Geçtiğimiz günlerde ABD’de mandıra sahibi patronların tonlarca litre sütü sokağa döktüğü ortaya çıktı. Sebep ne? Arz fazlası! Yani onlara sorarsan piyasada üretim fazlalığı olmuş, bunun da fiyatları düşüreceğinden korkuyorlarmış. Batsın sizin fiyatlarınız, kârlarınız! İnsanlar aç, milyonlarca çocuk ölüyor. 1929’un üzerinden neredeyse bir asır geçti, bu sistem aynı acıları ve zulmü yaşatıyor insanlığa! Üstelik bilelim ki yalan söylüyorlar, bizimle dalga geçiyorlar. Üretim fazla değil, insanlar beş parasız! Sadece son birkaç hafta içinde ABD’de on milyonlarca insan işini kaybetti, sefalete ve açlığa itildi. Krizin faturasını işçi sınıfına kestikleri için tüm dünyada olduğu gibi orada da işçi ve emekçiler yoksullaştı. Şimdi soralım; işsiz bıraktığınız insanların süt alacak parası yok diye neden üretim fazla sayılıyor?
Dünyadaki adalete bakar mısınız; bir tarafta bir avuç asalak, zenginlik içinde yüzüyor. Diğer tarafta ise insanlığın ezici çoğunluğunu oluşturan işçi sınıfı dünyadaki bütün güzelliği ürettiği halde sefaletin kucağında yüzüyor. On binlerce bebeği besleyebilecek kadar sütü, yoksullara dağıtmak yerine yine sokağa döküyorlar. Milyonlarca bebeğin açlıktan öldüğü bir dünyada gıdalar satılamadığı için depolarda çürüyor. Çünkü onlar için satamayacakları ürünün kıymeti yoktur. Tersine bu ürünlerden kurtulmak isterler ki fiyatlar düşmesin. İnsanlar beslenemiyormuş, çocuklarımız açlıktan ölüyormuş umurlarında değildir. Dünde bugün de gösteriyor ki bize; kapitalistlerin insafı yok ve olmayacak. Onların tek kutsalı sermayeleri, kârları… Aynı zatlar bugünlerde pişkince “sağlıklı beslenin, bağışıklık sisteminizi güçlü tutun” diyorlar üstelik…

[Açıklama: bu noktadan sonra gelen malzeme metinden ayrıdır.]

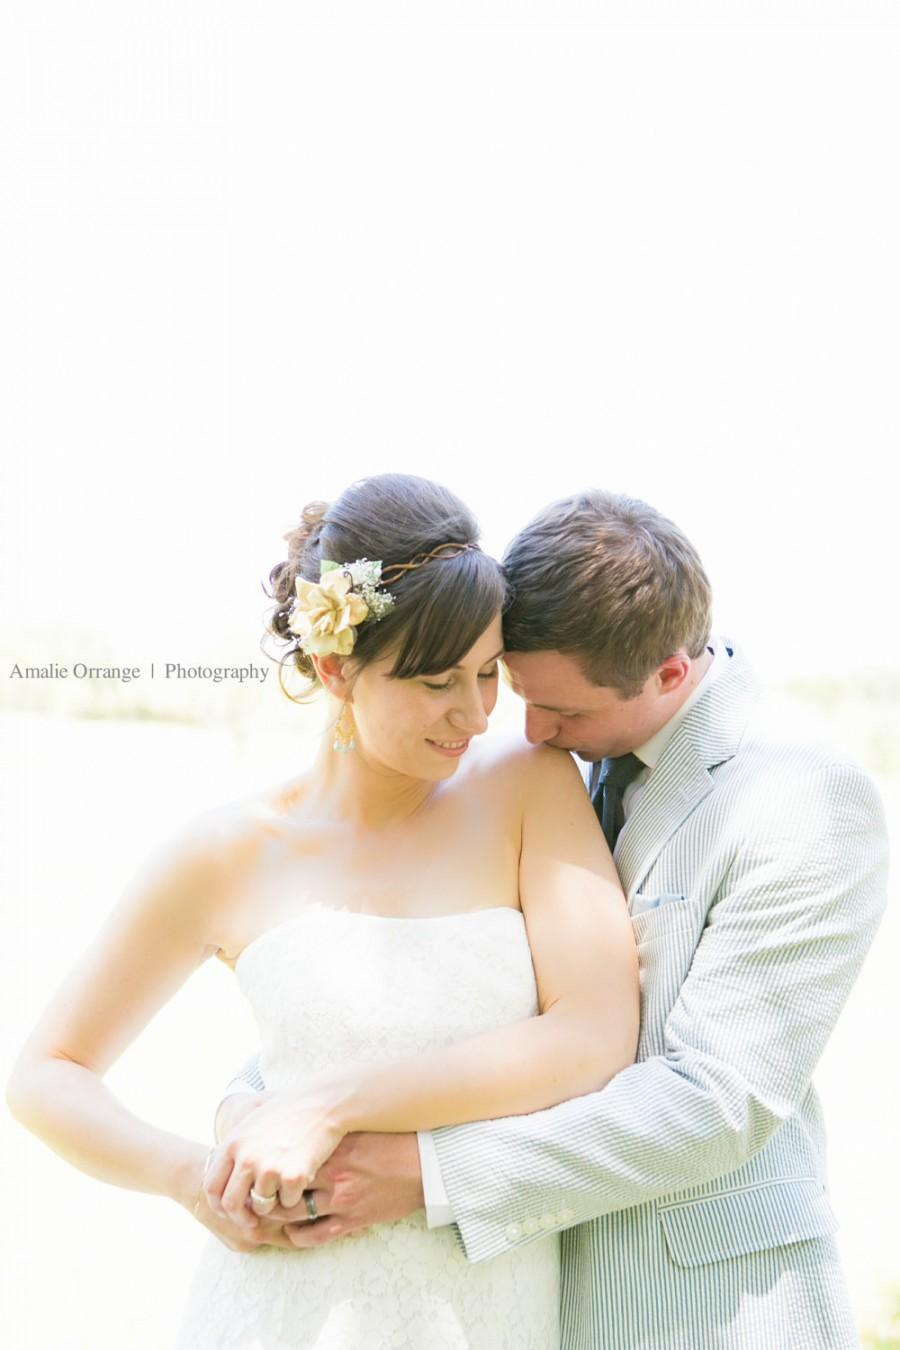 Wedding - bridal headpiece, natural pine cone rose floral hair crown 'Take my breath away'

“Dünyanın tepesinde bir avuç hışır
Karga kanat çırpsa uykuları karışır.
Yağmalanmış emeklerden gelir soylulukları
Yağmalanmış özgürlüklerden
Dinleri, imanları vurgun kelepir”
İşçi sınıfı olarak bunlardan insanlığın hayrına bir şey bekleyemeyiz. İşçi sınıfının uluslararası birlik, mücadele ve dayanışma günü olan 1 Mayıs’ın arifesindeyiz. İşçi sınıfının örgütlü gücünün açığa çıkmasından ölesiye korkan, emeğimizi yağmalayan bu bir avuç hışıra karşı mücadele geleneğimize sahip çıkalım. Uykuları kaçan bu yağmacı soyu için hayatı kâbusa çevirelim. Bu ancak biz işçilerin yan yana gelmesiyle, omuz omuza vermesiyle mümkün olacaktır.